Reading this reinforces my sense that while plenty of people have put forth some thoughtful and insightful disagreements with IABIED, there’s no comprehensive counter-argument that has anywhere near the level of polish and presentation as IABIED itself.

Against Moloch 11 Jun 2025 16:23 UTC
3 points
1
on: When is it important that open-weight models aren’t released? My thoughts on the benefits and dangers of open-weight models in response to developments in CBRN capabilities.
All of this seems solid, but it seems to me there are two additional considerations that push in the opposite direction:
1. COVID and its aftermath seem to suggest that pandemics make society dumber and more reactive. I wonder if a surge in bioterror would reduce humanity’s decision-making capability at a critical time?
2. Releasing highly capable open weights models would seem to increase existential risk by bringing near-SOTA capabilities to more actors. (For example, North Korea is probably incapable of building a frontier model from scratch, but might be able to perform large-scale fine-tuning to obtain a variety of problematic capabilities including but not limited to CBRN development).

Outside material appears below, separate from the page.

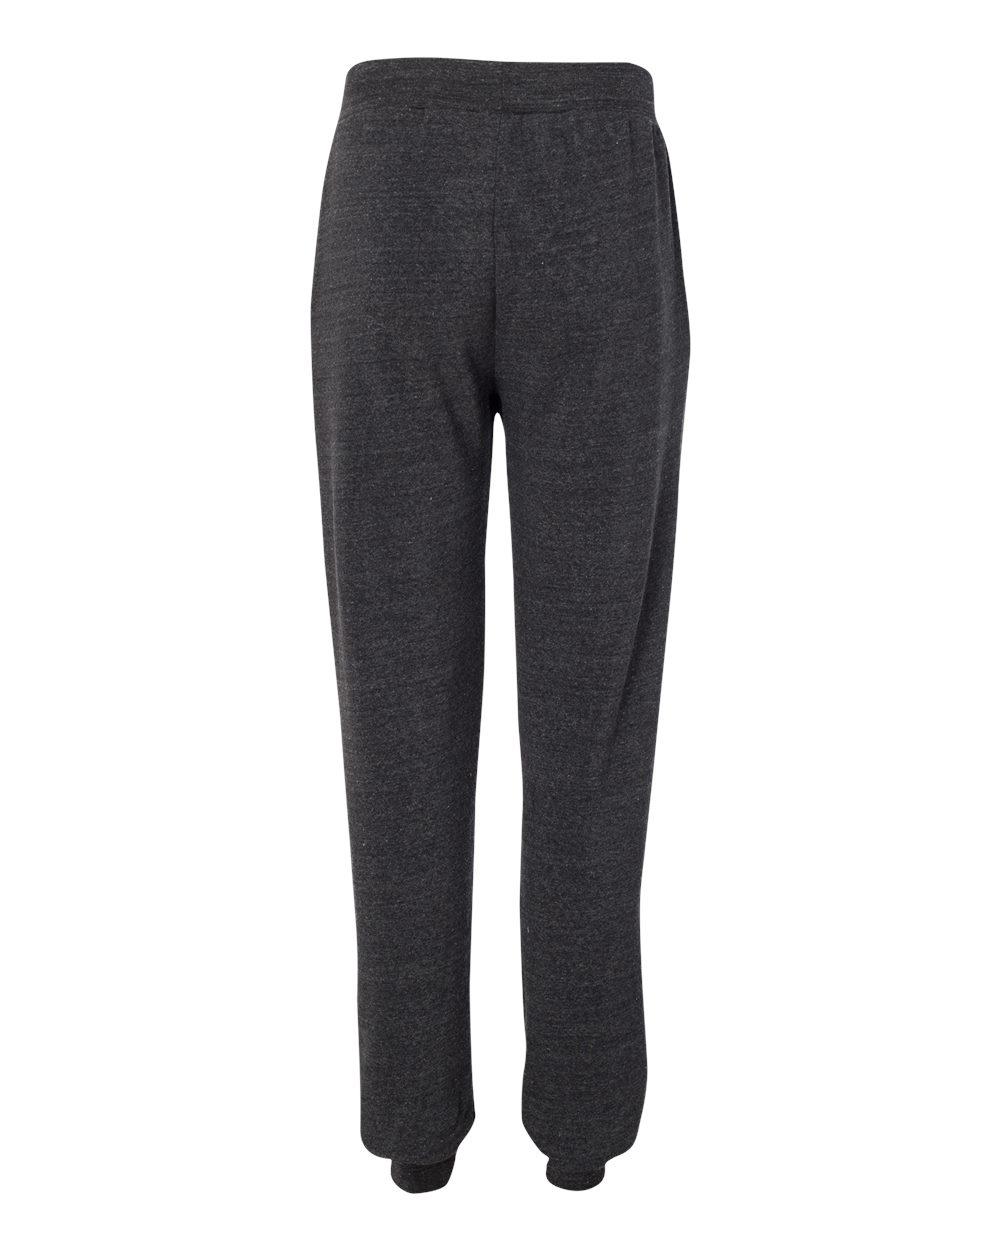 Alternative-Mens-Eco-Fleece-Dodgeball-Pants-Sweatpants-Pocket-9881-up-to-2XL thumbnail 7
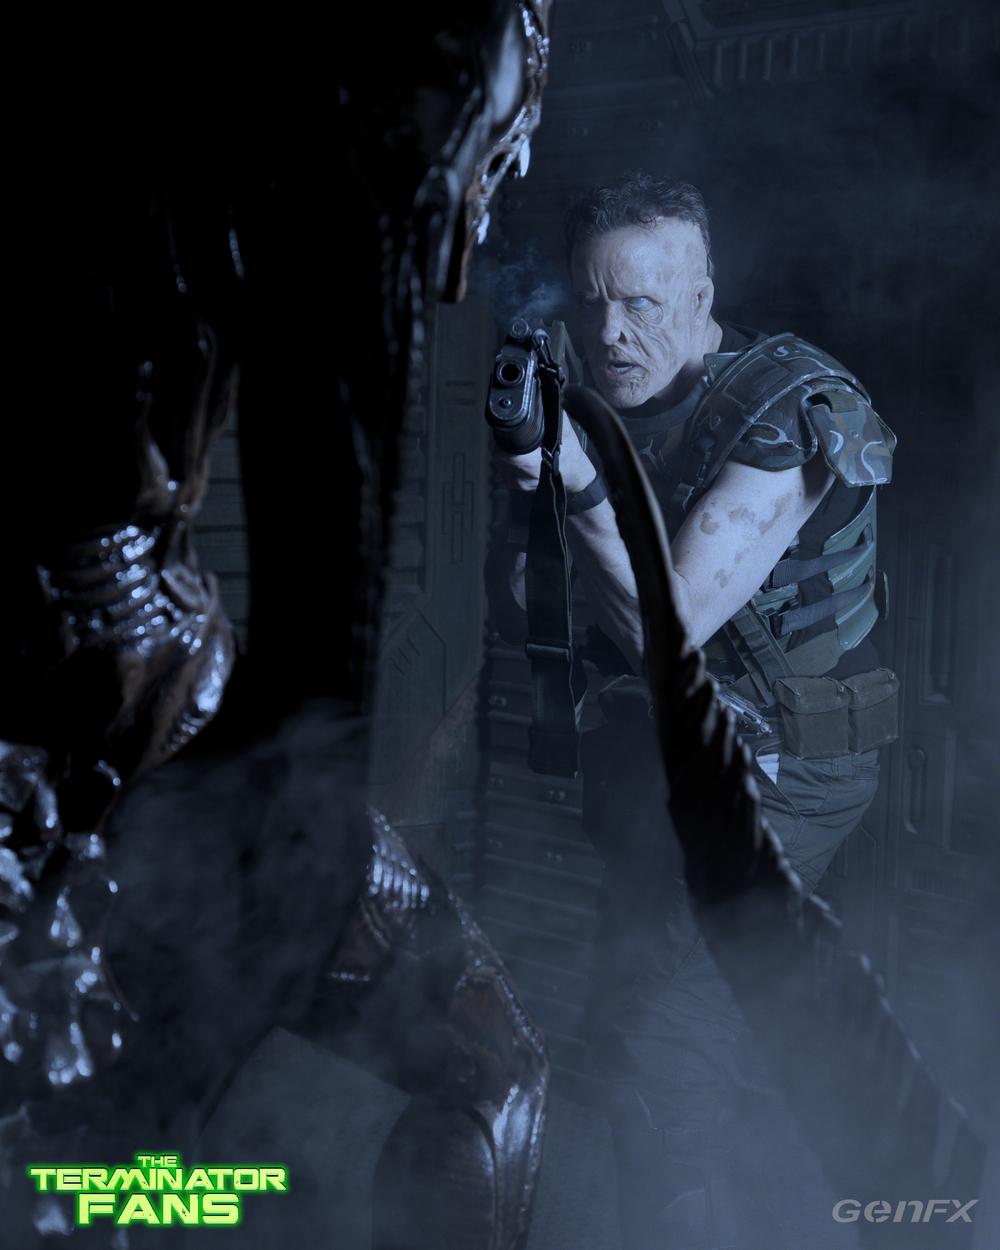 Alien Movie: Badass Makeup Test Photos For Corporal Hicks In New ALIEN

Against Moloch 6 Jun 2025 15:35 UTC
1 point
0
on: Self-Coordinated Deception in Current AI Models
Interesting work! I wonder if a more successful way to uncover this kind of deception would be to iterate on what questions you ask each instance you interrogate?
As a simple example, if instance A tells you it needs an extension because it was helping its brother all evening, you might begin by telling instance B that extensions are fine but asking why it didn’t ask for one sooner, in the hope of shifting the focal point.
More realistically, if you think the model is sandbagging about interpretability results, you might give different instances somewhat different interpretability assignments, in the hope of exposing contradictory performance patterns.
This game quickly gets very complex, and it’s more or less axiomatic that humans lose complex games when playing against superhuman AI. But perhaps there’s a window where these techniques might be useful?

Against Moloch 27 May 2025 15:05 UTC
1 point
0
in reply to: habryka’s comment on: New scorecard evaluating AI companies on safety
I definitely find the presentation useful. In particular, the ability to drill down on each block is great (though it took me a moment to figure out how that worked).